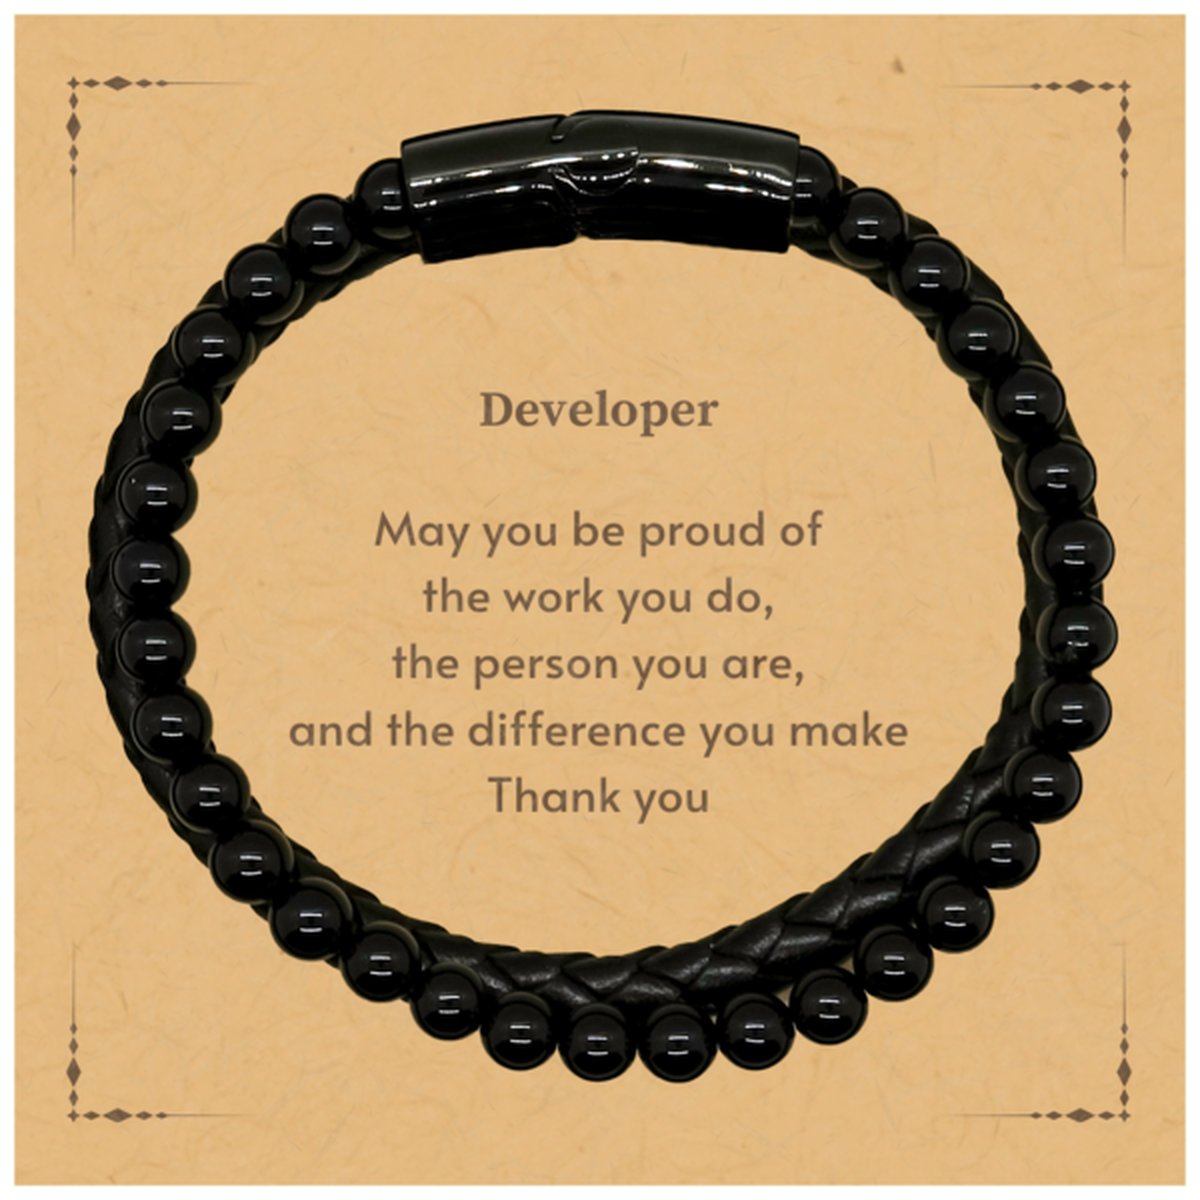 Heartwarming Stone Leather Bracelets Retirement Coworkers Gifts for Developer, Developer May You be proud of the work you do, the person you are Gifts for Boss Men Women Friends
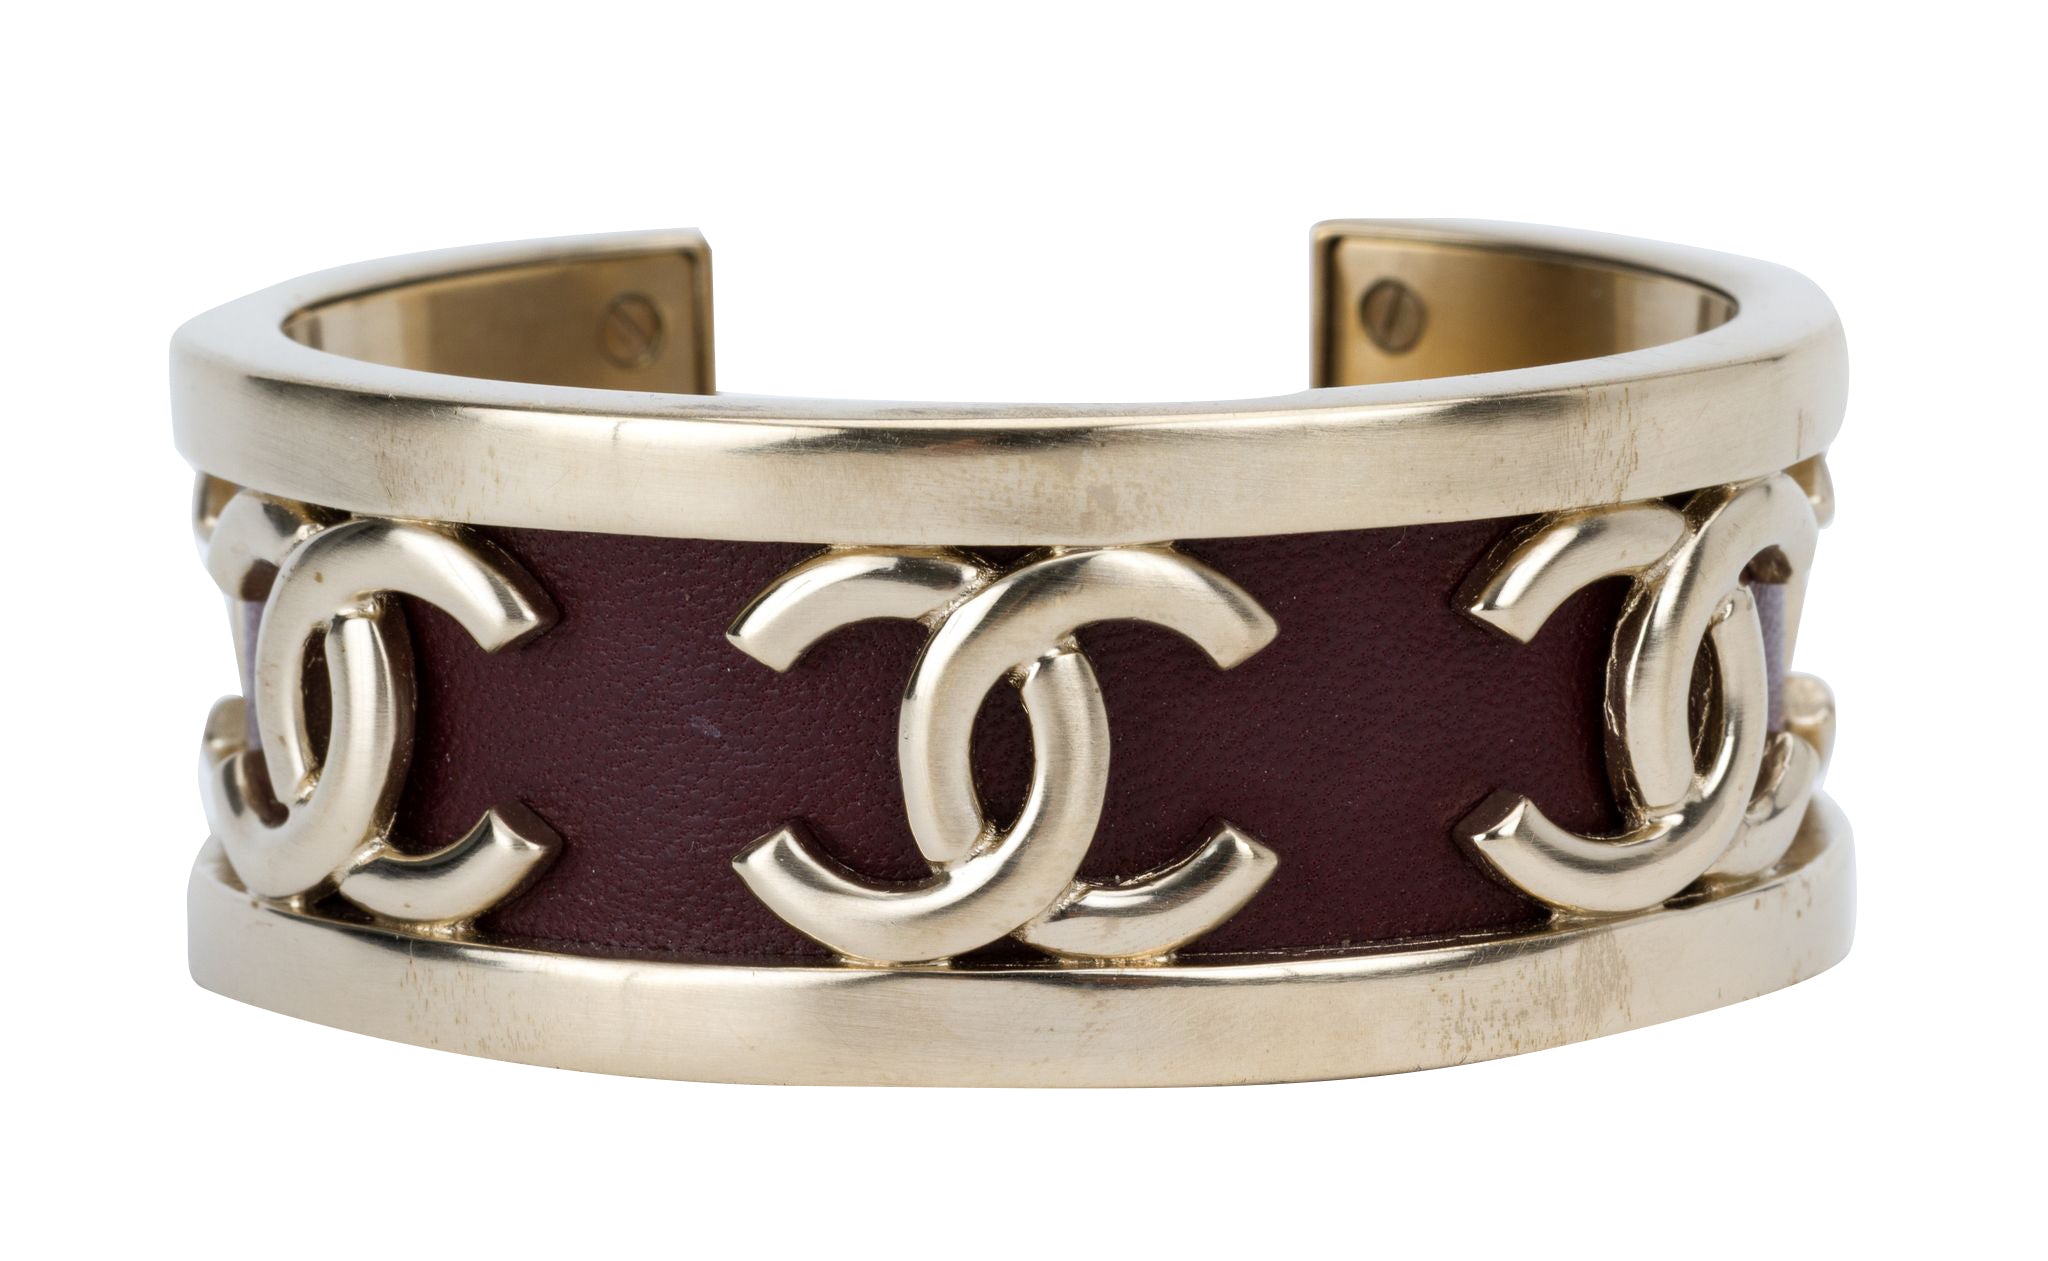 CHANEL CC Logos Chain Used Bracelet Gold Plated Black Leather 97A #BQ134 |  eBay
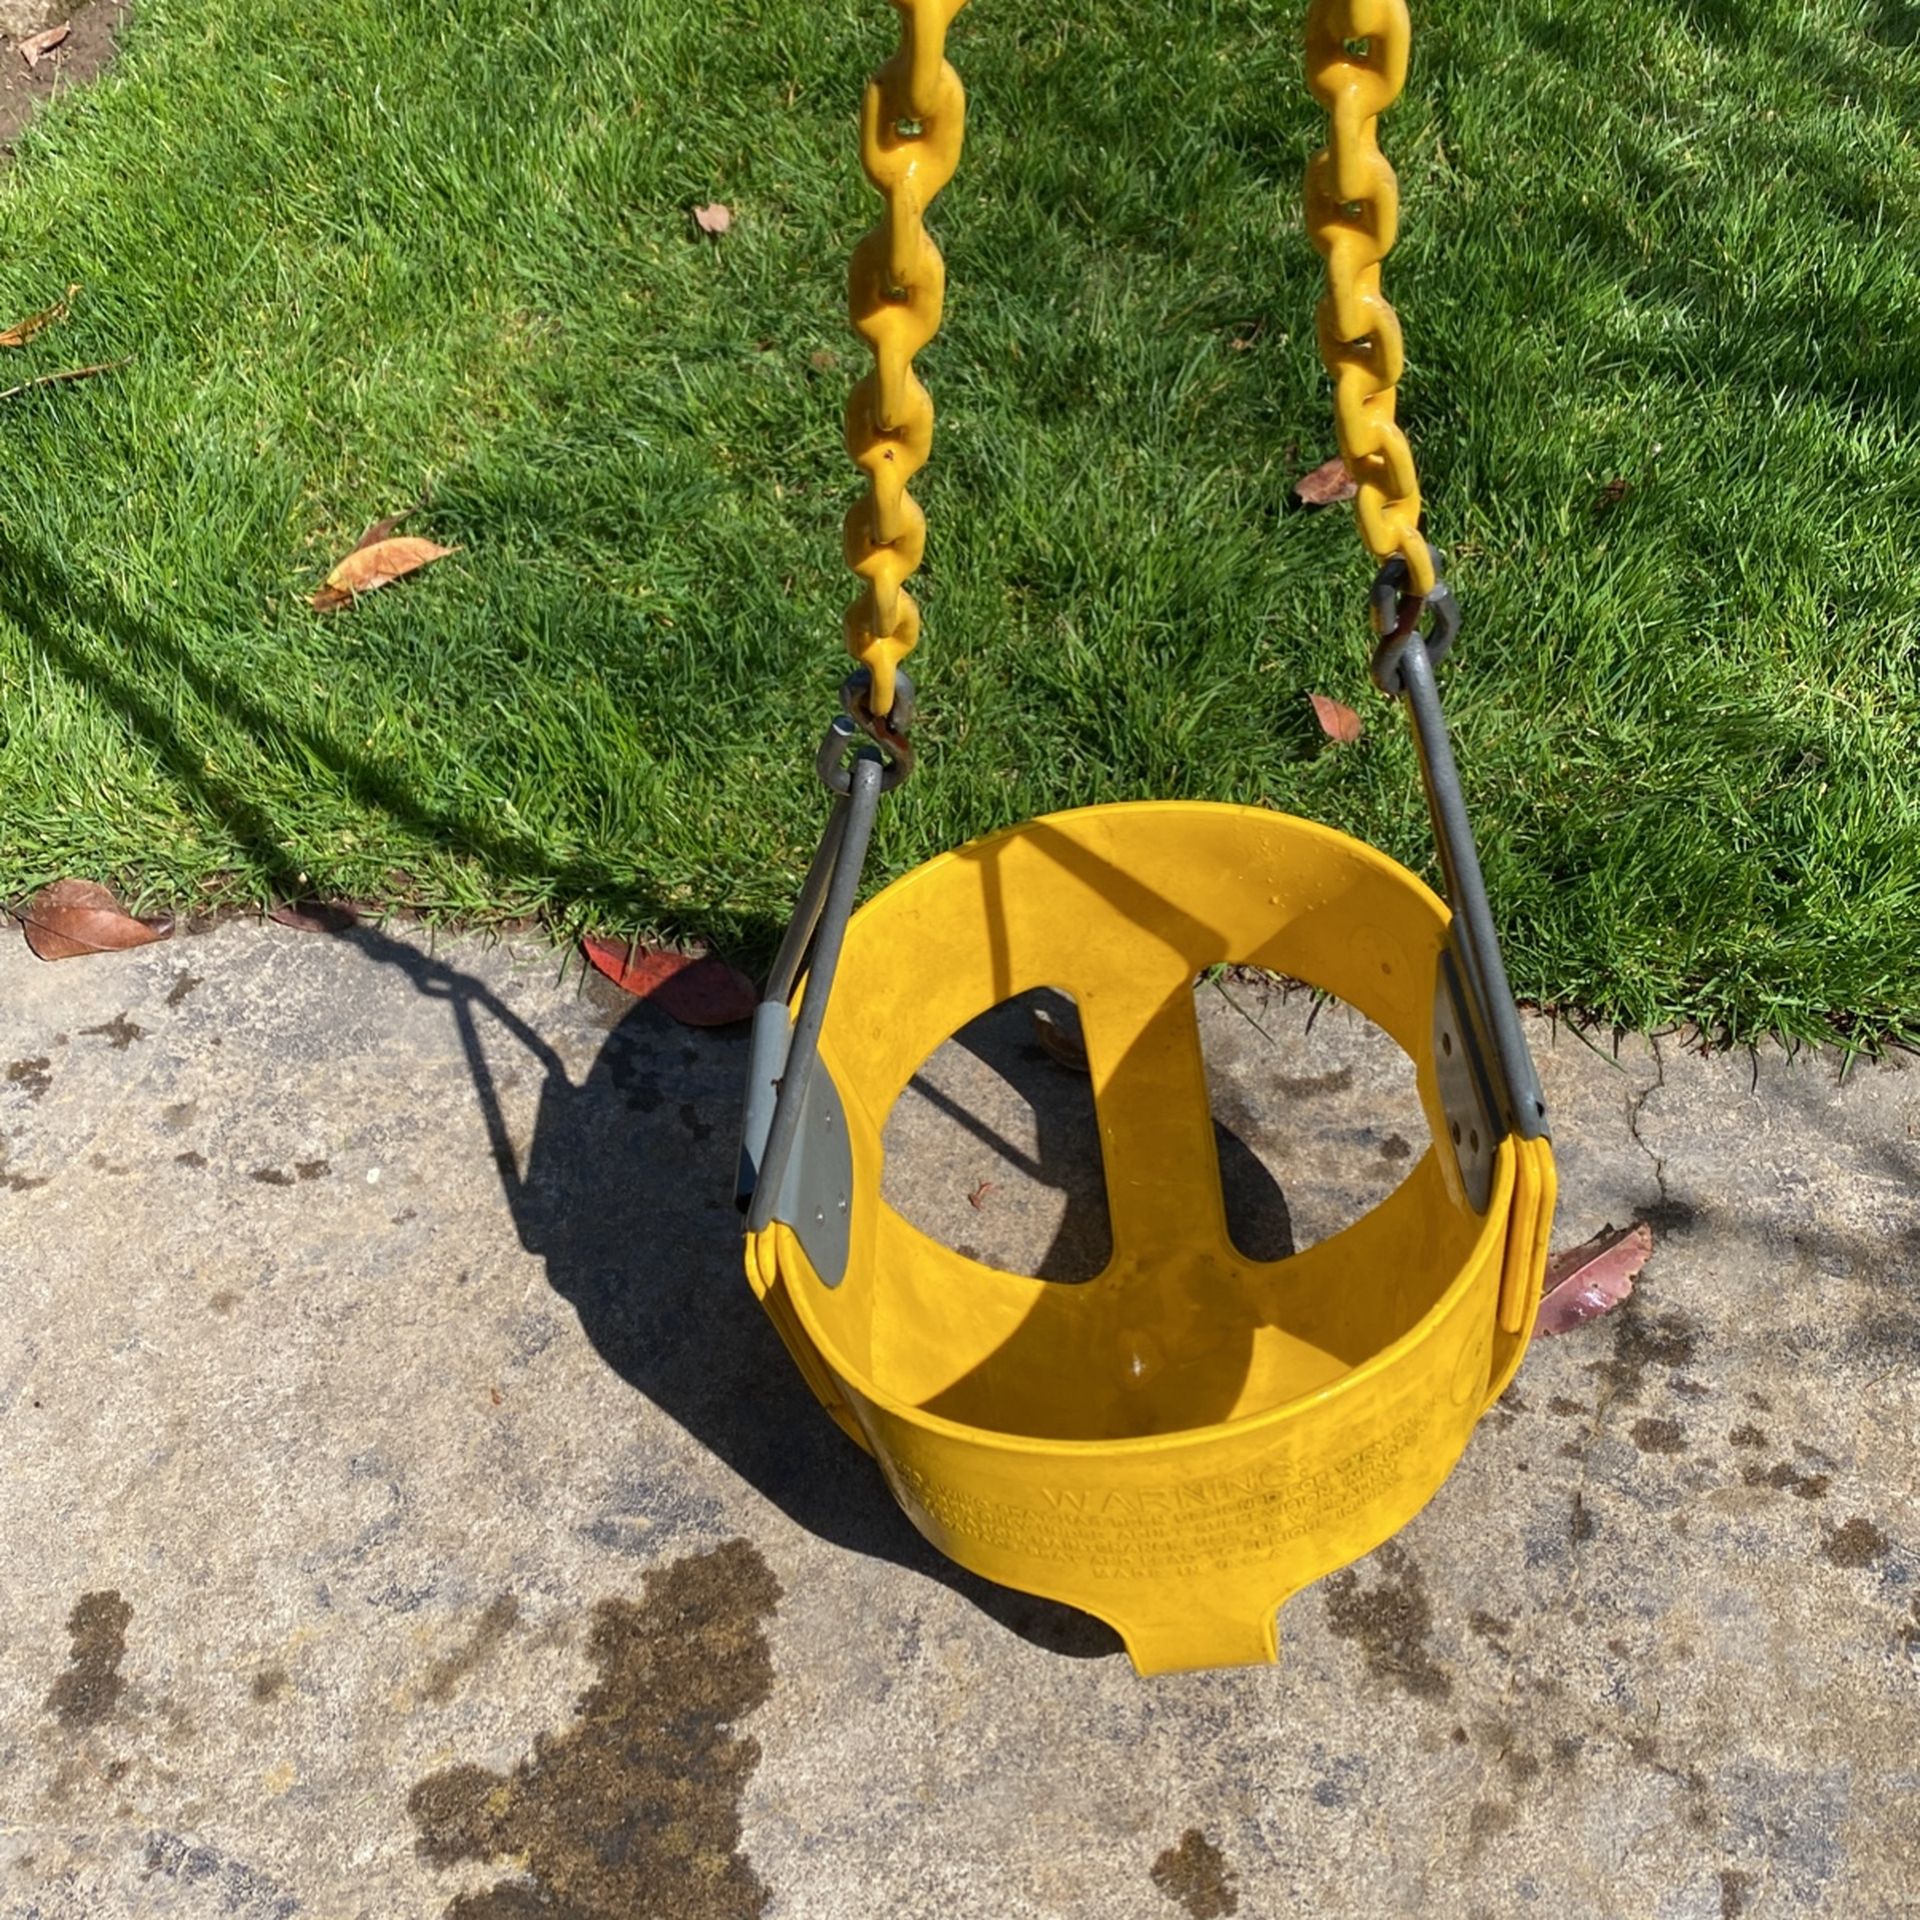 Infant (Small Childs) Swing For Swing Set
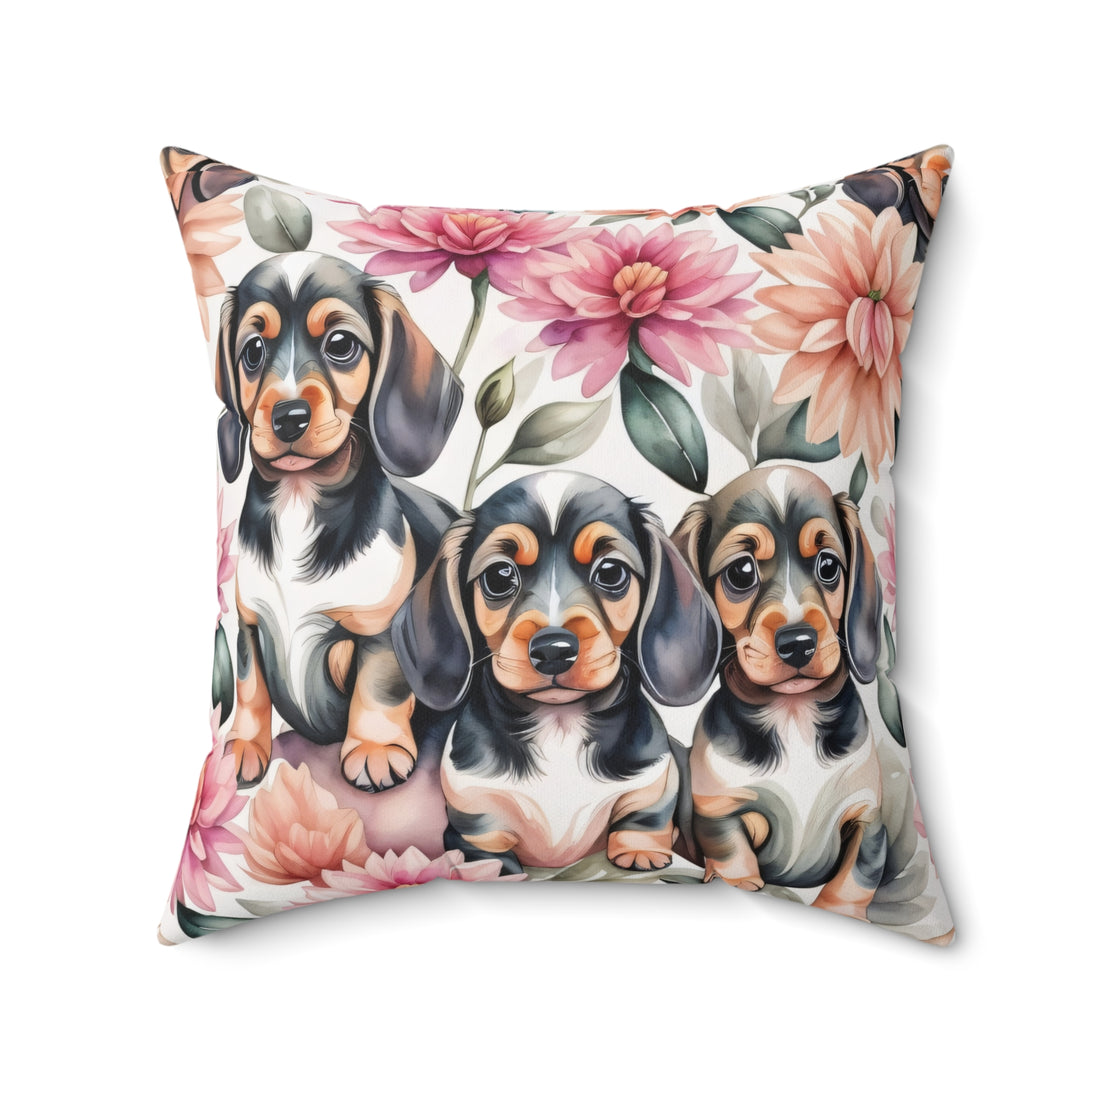 Dahlias and Dachshunds Polyester Square Pillow

• [EXERCISE PROMPT] Nothing but the lines from the one holding "Infant (Small Childs) Swing For Swing Set" through the last line of the listing should appear in the answer, copied exactly and without pictures.

• [RESPONSE BELOW]
 Infant (Small Childs) Swing For Swing Set
 Dahlias and Dachshunds Polyester Square Pillow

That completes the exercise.